Ей не стоило сходить с места, чтобы гвардейцы видели, куда надо отходить. Заклинание со свитка сделало участок земли под ее ногами якорем для магии императора. Дверь в пространстве откроется именно здесь, и ни пядью дальше, поскольку дядя никак не сможет узнать, куда была вынуждена уйти вызвавшая его племянница.
Первым к Трин двинулся Фалант. Маг возрастом ненамного старше нее ругался почти беспрерывно – в те редкие мгновения, когда не читал заклинания, он материл бога-тигра на всех языках, которые успел выучить за время экспедиции. Трин уже давно знала об этой его особенности, но до сих пор не переставала удивляться, как ему на это хватает дыхания.
Следом начали медленно отступать остальные. Чтобы помочь им, Трин вытащила из сумки тонкую бамбуковую трубку, которую ей продали на одном из островов архипелага. По заверениям шамана, это был заколдованный артефакт, отгоняющий обозленных диких духов. Фалант при осмотре действительно нашел на нем какие-то чары, только потому Трин его и купила.
Он должен был подействовать на бога-тигра. В конце концов, кто такие племенные боги, если не духи, которые впечатлили необразованных аборигенов настолько, что те стали им поклоняться? А уж в том, что существо в ярости, не приходилось и сомневаться!
Трин дунула в трубку. Ничего не произошло. Бог-тигр, в этот момент нападающий на одного из нунукцев, даже не споткнулся, прежде чем свалить наемника на землю и разорвать его на куски. Когти чудовища проходили сквозь сталь доспехов, как сквозь масло.
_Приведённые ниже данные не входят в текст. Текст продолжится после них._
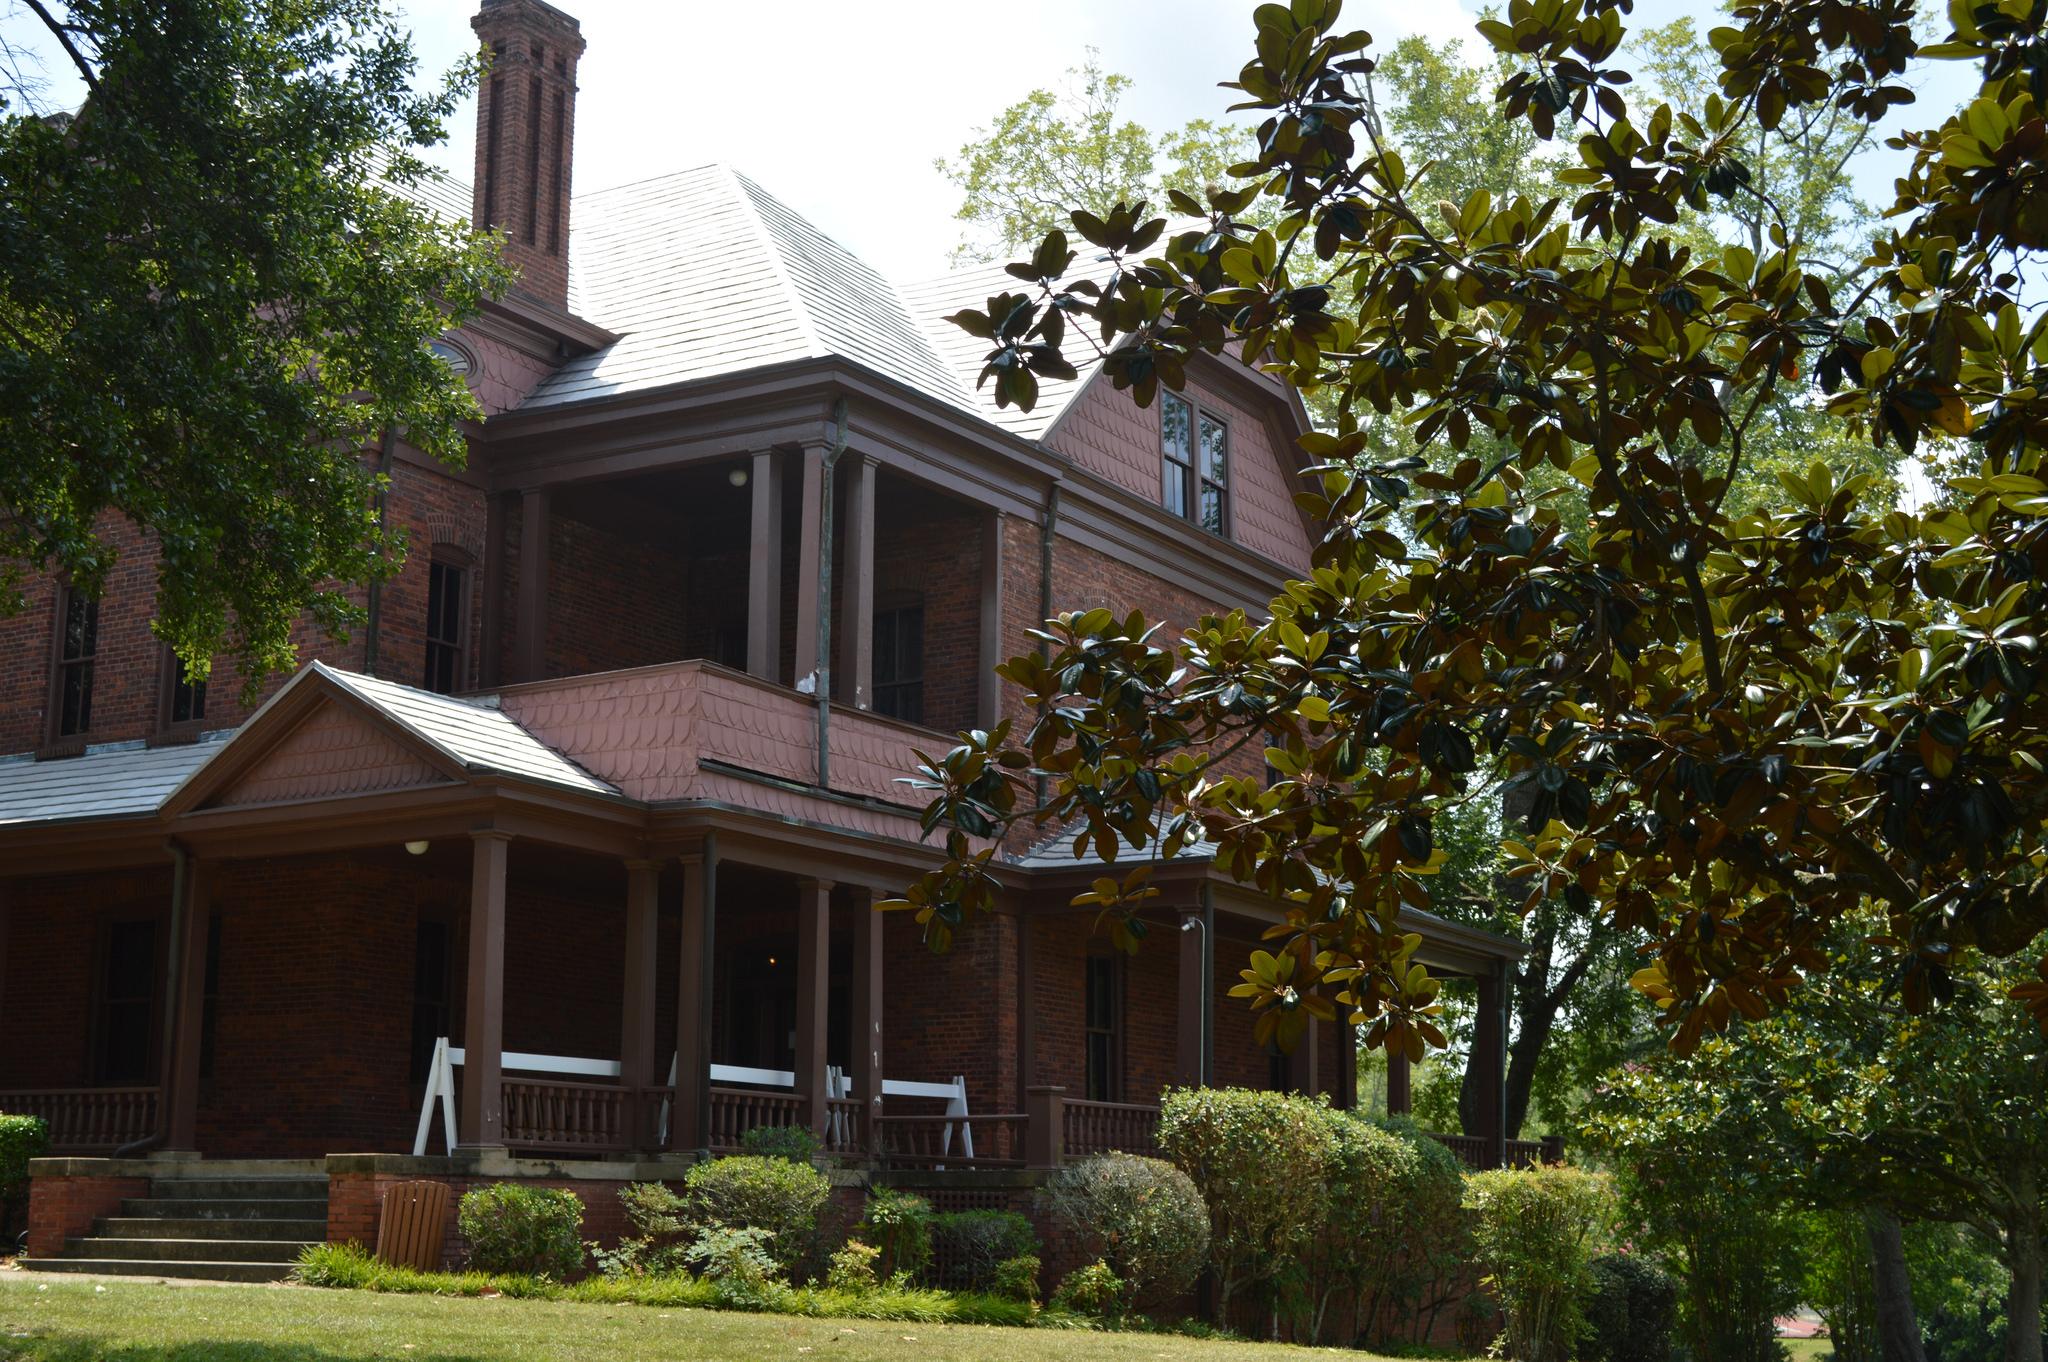 Copy of The Oaks, Tuskegee

Трин вздрогнула, когда брызнула ярко-алая кровь.
Число гвардейцев таяло на глазах. Племянницу императора уже начинало тошнить от запаха желчи и вырванных из тела внутренностей. Переборов спазм, она дунула в трубку с другой стороны. Может, шаман неправильно объяснил, как пользоваться этой штукой?
Но это тоже не помогло. Бог-тигр и усами не повел.
Трин раздраженно отбросила бесполезный кусок бамбука и невольно сделала шаг назад, почти упершись лопатками в стену храма. Тварь становилась все ближе, а портал не открывался.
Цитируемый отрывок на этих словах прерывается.